While Germany has called on its European partners to take their share in a quota system, Cameron has urged leaders to fund large camps closer to Syria, such as in Lebanon and Jordan, and discourage people from making the journey to Europe.
Corbyn's message of inclusiveness may speak to multicultural London. In 2013 foreign-born people made up 37 percent of inner London’s population, according to the Migration Observatory at Oxford University.
Entrepreneurs have highlighted this diversity as a source of creativity and growth, for example in the capital’s tech startup scene. Whether the message will resonate in other parts of Britain, especially with the many white working class voters who ditched Labour in favor of the U.K.Independence Party in the last elections, remains to be seen. An opinion poll published by the right-wing Daily Mail in September showed a somewhat more hostile picture than the BBC poll, with 45 percent of respondents saying Britain was taking in too many Syrian refugees.
In the capital, many of those embracing refugees are aware their views may not be representative of the whole country.
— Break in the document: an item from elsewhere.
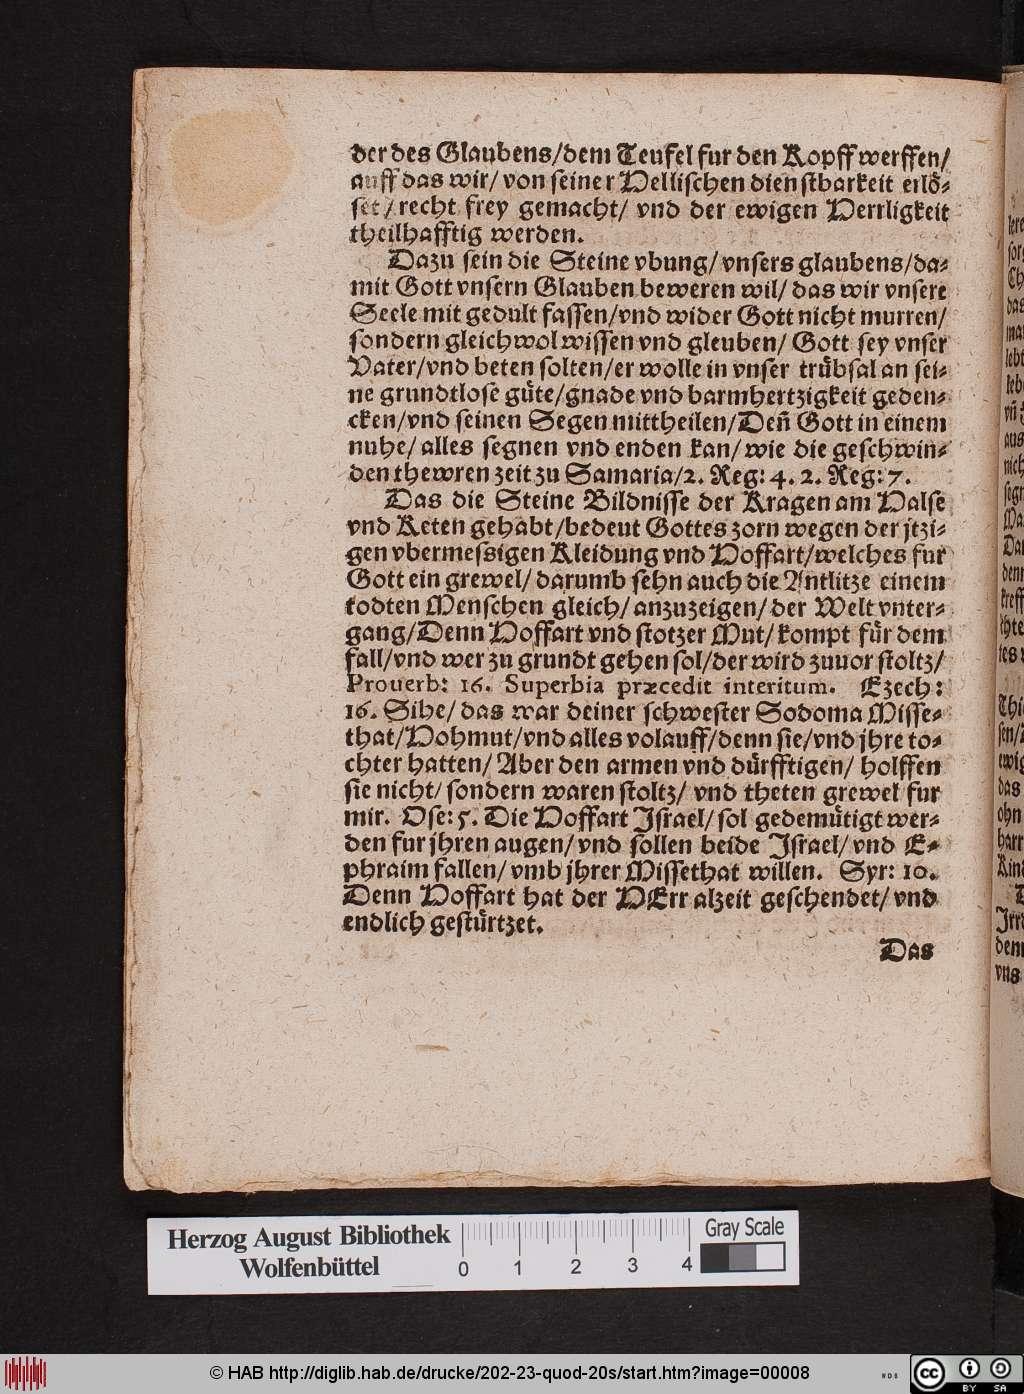 http://diglib.hab.de/drucke/202-23-quod-20s/00008.jpg

Ben Stimmler, a 31-year-old lawyer, was one of the thousands marching along Hyde Park on Saturday in support of refugees. His father went to Britain as an 8-year-old on the Kindertransport, the relief trains that took Jewish children to safety from the continent until the outbreak of World War II. The Kindertransport remains one of Britain's proudest moments, and the irony that Britain is now being less open to refugees than Germany is not lost on Stimmler.
“Britain has a rich tradition of taking in refugees, but there's also a national narrative that’s hard to erode,” he said. A member of the Labour Party, he was particularly worried about the gulf between the concerns of middle-class, liberal Londoners and the rest of the country.
“There’s a feeling that the white working class has not been listened to, and we’ve perhaps been too quick to tarnish people as racist,” he said. Looking around at the vibrant crowd of marchers with their banners, bongo drums and “Welcome” chants, he added, “London is not the country. It’s very easy for us to forget that.”
At the storage facility, Freedman was locking away the last boxes of canned potatoes. Help Refugees has just launched a call for funding to extend the relief effort into the winter.
It is planning to dispatch more trucks full of food, rubber boots and walking shoes, donated via an Amazon wish list. It also wants to help build more substantial shelters for the refugees in Calais waiting for an opportunity to enter Britain.
Winter is coming, and the need for support is likely to rise. Asked how much longer she will give her spare time to the organization, which is run entirely by volunteers, Freedman said, “I don’t know. I just want to help.”